The Processor undertakes not to disclose to third parties such information as the Processor has been informed of as a Processor from the Controller. The Processor shall ensure that all employees, consultants and others involved in the Processing of Personal Data are bound by confidentiality and that they are informed of how the Personal Data may be Processed in accordance with instructions from the Controller.

Audit

The Controller has the right to carry out an audit of the Processor's compliance with the terms of this DPA, to verify that the Processor fulfills its obligations.
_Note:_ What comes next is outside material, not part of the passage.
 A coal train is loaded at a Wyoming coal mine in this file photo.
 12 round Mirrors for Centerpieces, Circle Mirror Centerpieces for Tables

The Processor has the right to request that such audit shall be performed by a neutral third party working under confidentiality.

The Processor undertakes to provide all information required to prove compliance with the obligations under the DPA and to participate in any audit and to provide the assistance needed to carry out such audit.

Personal Data Breaches

In the case of a Personal Data Breach, which includes Personal Data Processed by the Processor on behalf of the Controller, the Processor shall immediately take appropriate measures to mitigate its potential negative effects and prevent it from being repeated. The Processor shall notify the Controller of any Personal Data Breach without undue delay and in any event within 72 hours of becoming aware of a Personal Data Breach. The Processor shall also assist the Controller in complying with the terms of Articles 33-34 of the GDPR.

Agreement Period and Termination

This DPA is valid from the day the Controller approves the Terms and is valid as long as the User has an active account with the Service. When the Controller deletes their account, the Processor shall cease the Processing of Personal Data and, in accordance with Controller's instructions, delete or return all data containing Personal Data to the Controller and delete all existing copies within thirty (30) days, unless Processing of Personal Data is required according to applicable legislation.

The Processor may retain Personal Data after the Controller has deleted their account to the extent required by applicable law, with the same type of technical and organizational security measures as described in this DPA.

Applicable Law

This DPA shall be interpreted in accordance with Swedish law. Any disputes regarding the interpretation or application of these contractual terms shall be settled primarily between the Parties. If the dispute cannot be resolved through an internal settlement between the Parties, the dispute shall be finally resolved by a Swedish general court in Stockholm, unless otherwise stated in mandatory applicable law.